Why D.C. schools are ignoring PE guidelines
A Washington Post report on schools in Washington, D.C., revealed that only a handful of more than 200 schools was complying with physical education requirements. The noncompliance reflects greater issues with PE across the United States.
Melanie Stetson Freeman/Staff
Physical Education seems to be taking a recess in schools across the country.
The push against childhood obesity that spurred efforts to increase physical activity and promote exercise over the past decade has begun to sag in recent years as schools begin to move physical education down on the list of educational priorities. Schools in Washington, D.C., have gone so far as to completely ignore PE rules put forth by the district, and there is no indication that they plan to conform to the standards anytime soon.
In 2010, the D.C. council unanimously passed the D.C. Healthy Schools Act to considerable fanfare. The act was hailed as an important step toward reforming school lunch nutrition, health education, and physical education. Among various health-related reforms, schools were required to give 150 minutes of PE to grades K-5 and 225 minutes per week for grades 6-8 by 2014.
Looking back at the legislation from the present day, however, it seems the goals of the D.C. Healthy Schools Act were overly ambitious. The Washington Post found that of more than 200 public and charter schools in the district, only 10 were providing the required amount of minutes of PE.
The lack of compliance points to larger problems regarding physical education requirements across the country.
Since there is no federal law that requires physical education, PE requirements differ radically from state to state. According to the Society of Health and Physical Educators (SHAPE), an organization that provides support for physical education professionals and puts forth recommended standards for physical education courses, 74.5 percent of states require PE for their students. But only three states require the recommended 150 minutes per week of PE for elementary schools, and only 22 states require a set amount of weekly minutes at all.
Even in states with weekly minute requirements, compliance is far from universal. In Oregon legislators passed a law in 2007 mandating that schools incorporate a minimum of 150 minutes of physical education in the school week for grades K-5 and 225 for grades 6-8 by the fall of 2017. Instead of inching toward that goal, some schools' physical education offerings have actually decreased and with just one year until the deadline, less than 10 percent of the state's schools meet the new requirement, the Portland Tribune reported earlier this month.
Nationally, the loss of physical education time appears to be weighing on parents. A 2013 poll conducted by NPR/Robert Wood Johnson Foundation/Harvard School of Public Health found that 7 out of 10 parents worry that their children's schools do not meet the Centers for Disease Control and Prevention recommendation that students get daily physical education time.
Funding for PE courses around the country varies considerably, and requiring the recommended minutes of PE would mean hiring more professionals – which likely means cutting something else out of the school budget. The amount of time demanded by the requirements in places like D.C. would also cut into time needed for conventional classes, and would require extensive restructuring of school schedules. And even if these problems were circumvented, The Washington Post says that many school officials privately describe the recommended requirements as aspirational or simply too robust, at least in the D.C. school district.

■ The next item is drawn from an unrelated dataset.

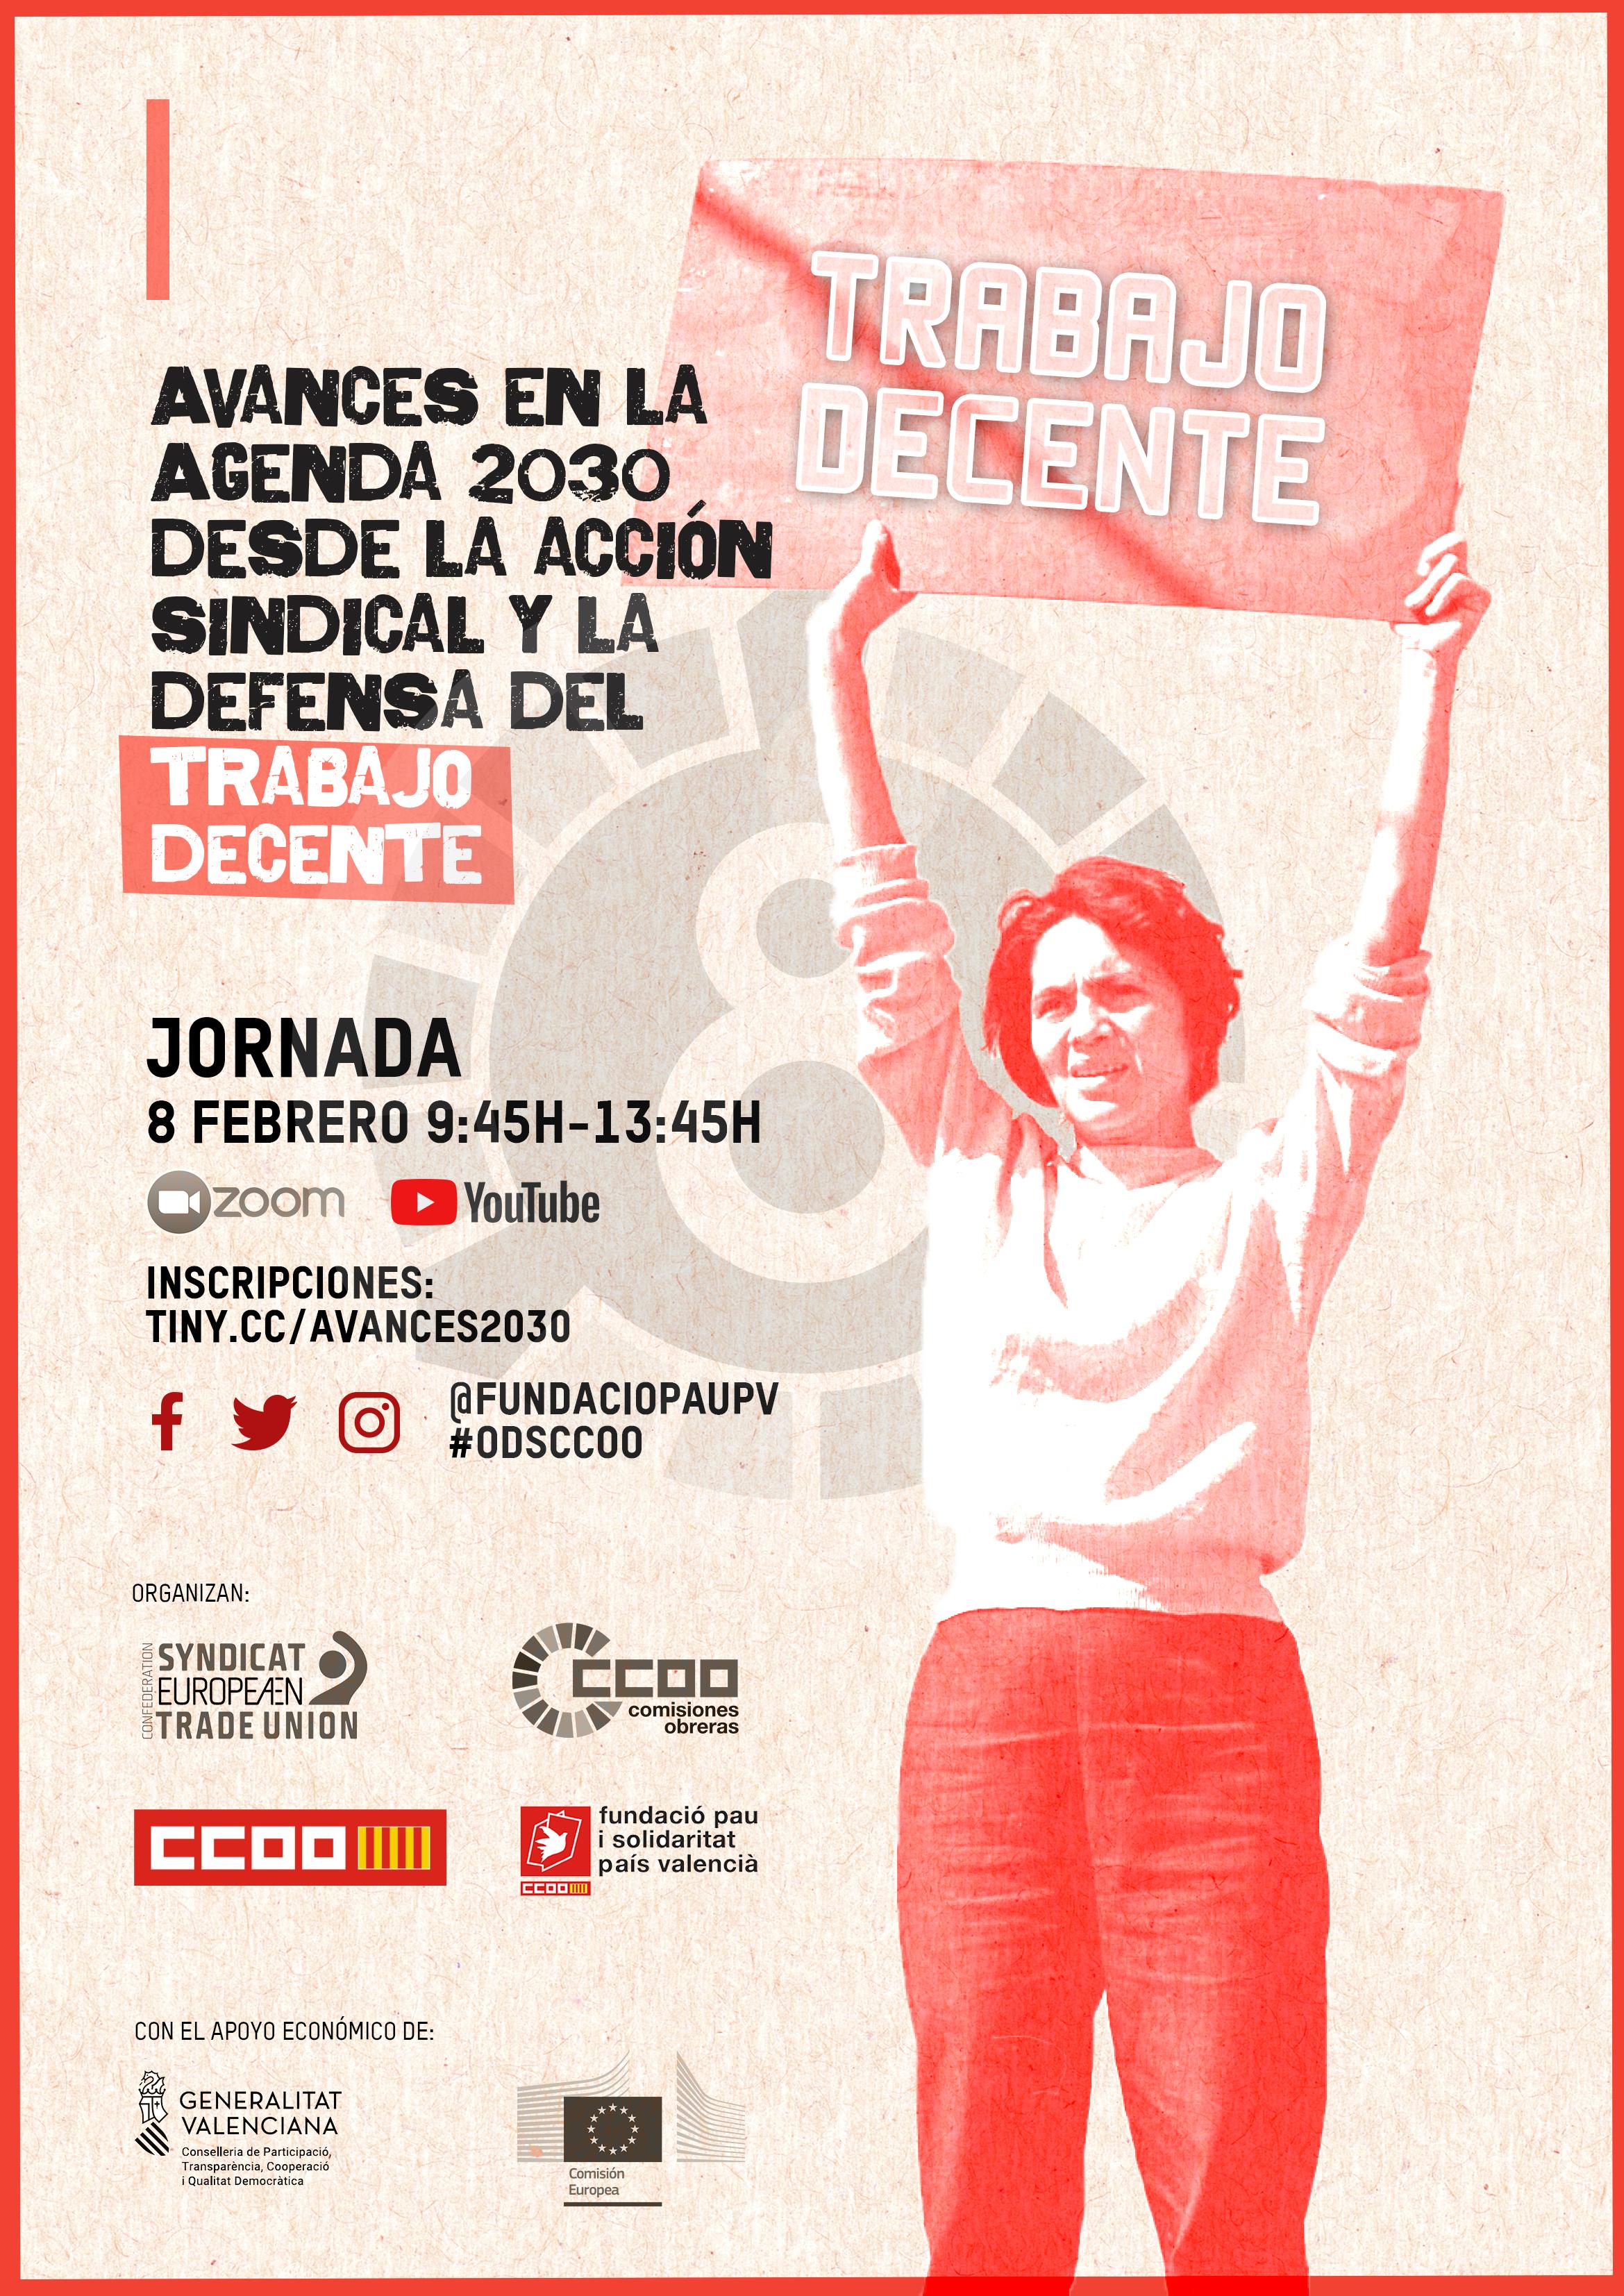 Avances en la Agenda 2030 desde la acción sindical y la defensa del trabajo decente
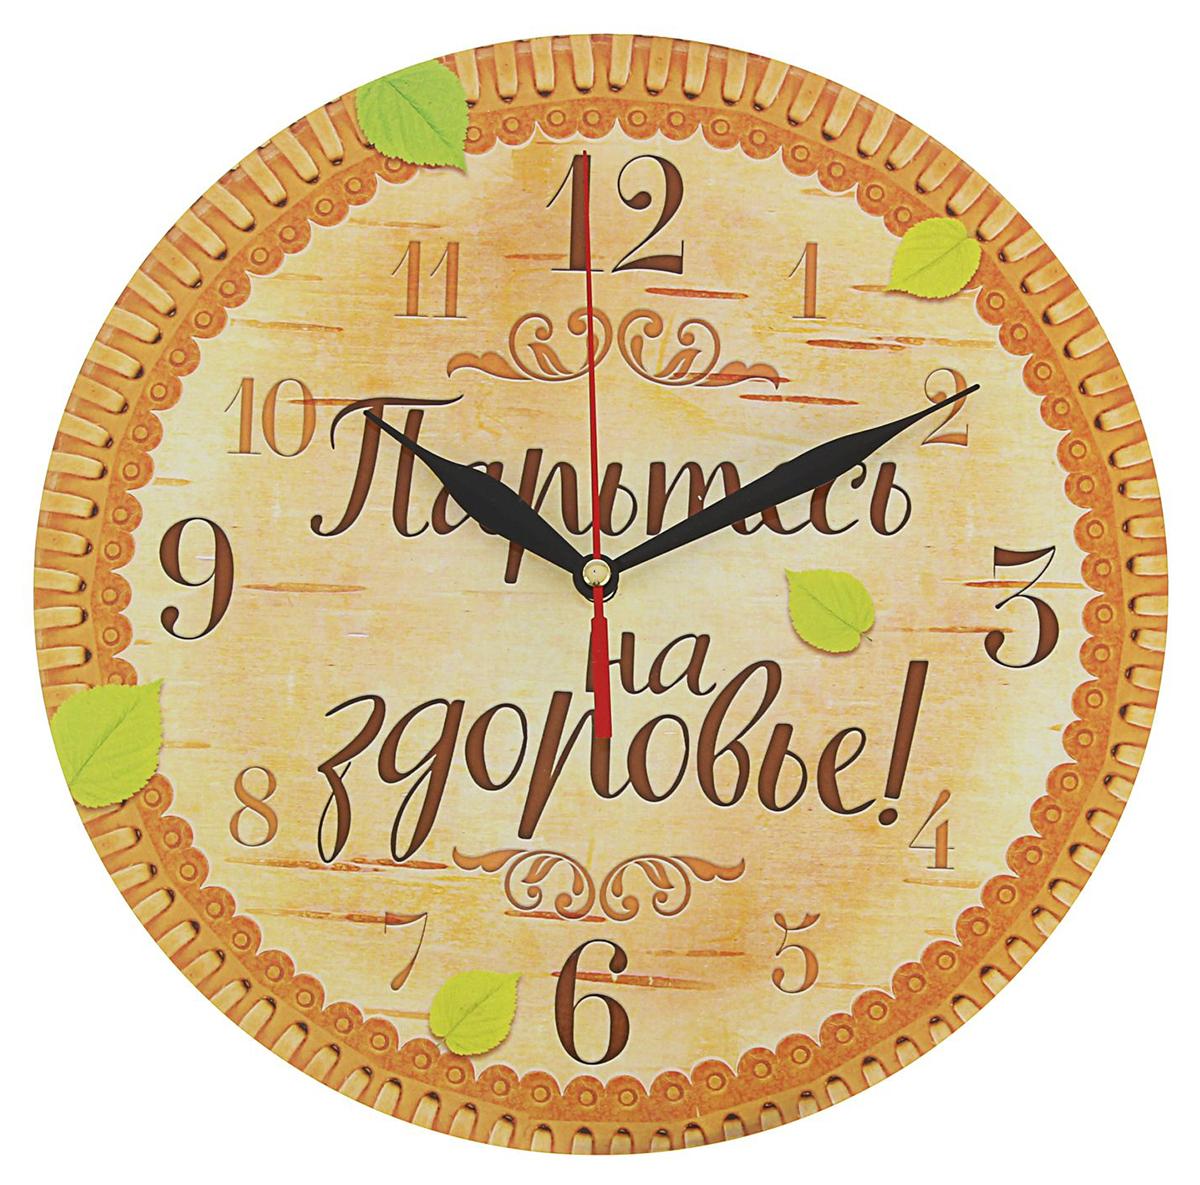 Часы настенные Парьтесь на здоровье, диаметр 24 см1275409Проводите время с пользой Настоящий мужской отдых невозможен без хорошей бани! Чтобы не потерять ощущение времени, проводя приятный досуг в отличной компании, повесьте на стену часы, но не простые, а те, что отражают настроение и вписываются в интерьер. Наши часы с пожеланием «Русская баня» станут полезным приобретением, которое будет долго радовать владельца. Если стрелки остановятся, поменяйте батарейку и вперед — париться и отдыхать!Часы Парьтесь на здоровье полноцветная печать, O24 см 1275409

Nevertheless, some schools in the district have been able to accommodate the requirements.
“It’s definitely a challenge, and it’s a shift in culture in how to make that a priority. The ultimate goal that [the U.S. Department of Health and Human Services and the Centers for Disease Control and Prevention] recommend is that children should be getting at least 60 minutes of physical activity every day,” Carly Wright of SHAPE told The Washington Post. “So is it unreasonable to ask schools to provide at least 30 minutes a day of physical education? Not really. It’s just a shift in thinking and how to work out class scheduling.”
But due to difficulties in scheduling, finances, or doubts about the necessity of PE, many schools around the country are reducing or eliminating their physical education programs altogether, according to a study published in the Journal of Teaching in Physical Education in 2012.
“This lack of a judicial safety net strengthens the need for clear legislative guidance if the statutes are to be interpreted in a way that will consistently adhere to the guidelines,” said the study, according to The Red and Black, an independent University of Georgia newspaper. “Given the absence of a national school-based physical education law, it is imperative to investigate whether states have directives ensuring it and that those directives mandate the appropriate amount of instructional time.”
Proper mandates are one thing, but for Donna Anthony, assistant superintendent of health and wellness for the body that oversees DC schools, implementing the 2010 Healthy School Act has been far easier said than done.
“Folks knew it was coming,” Ms. Anthony told The Washington Post, “but that was a pretty hard thing to plan and accommodate for.”